Russia surprised everyone on Tuesday noon when it withdrew some of the troops it had deployed on the border with Ukraine. It did so, moreover, 24 hours before the date on which the U.S. intelligence services marked as the beginning of the Russian invasion: Wednesday, February 16; that is to say, today.

But Joe Biden is not confident and considers that the attack is still “clearly possible”. He repeated this last night in a message to the public, in which he said that if Russia attacked Ukraine it would be “internationally condemned. The world will not forget that Moscow unnecessarily chose death and destruction”.

In his address, in any case, besides pointing out that the United States was ready for hostilities, he left room for a diplomatic way out of the conflict.

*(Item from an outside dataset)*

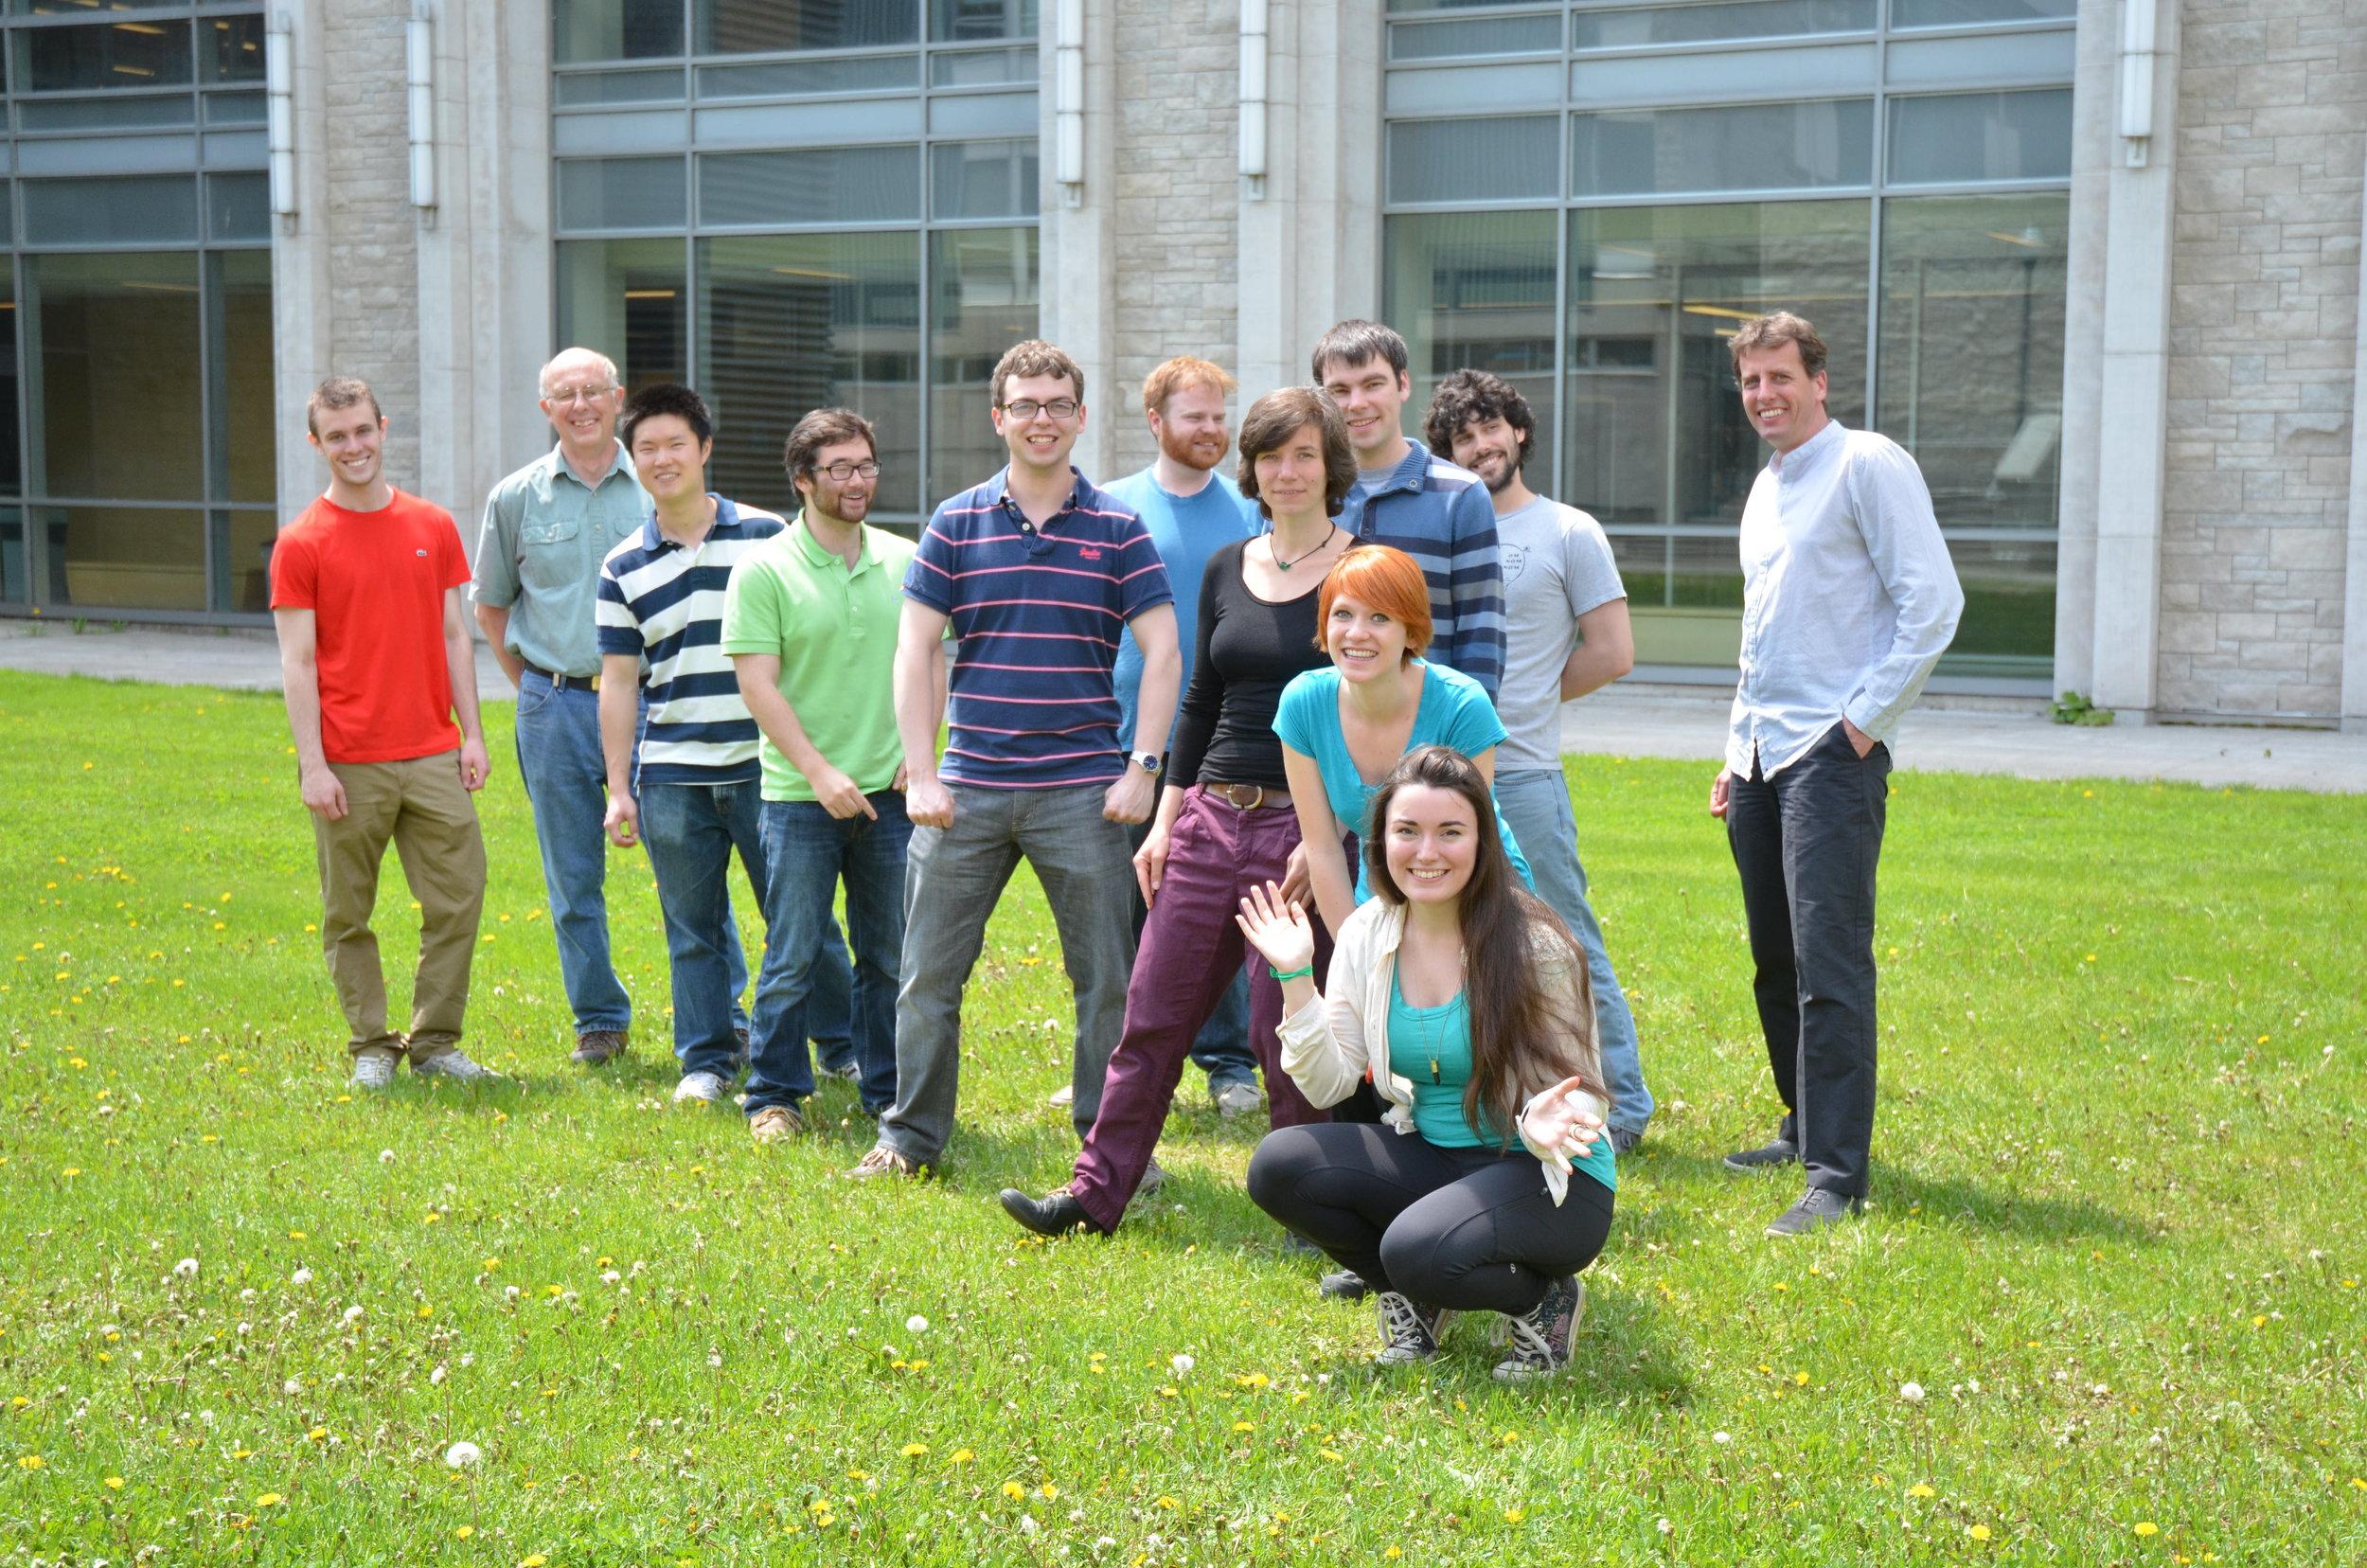 Group Photo, Summer 2014

The U.S. president noted that the Pentagon “has not yet verified that Russian military units are returning to their bases.” He claims, in fact, that there would be more than 150,000 Russian troops around Ukraine and Belarus.

Biden insisted that an invasion of Ukrainian territory would unleash “a war without cause or reason,” which would have “immense” human costs for Ukraine and serious consequences for Moscow.

Another reason that makes the West suspicious about the Kremlin’s real intentions is the continuous arrival at the border of convoys with medical supplies to set up field hospitals.

In Moscow, meanwhile, Vladimir Putin assures that he remains ready to negotiate with NATO on security issues. “How will Russia act? According to the plan, and what does this plan consist of? The real situation on the ground,” he said, adding: “Who can say how the situation will develop? No one, for now. It depends not only on us,” the Russian leader said in a statement to the press.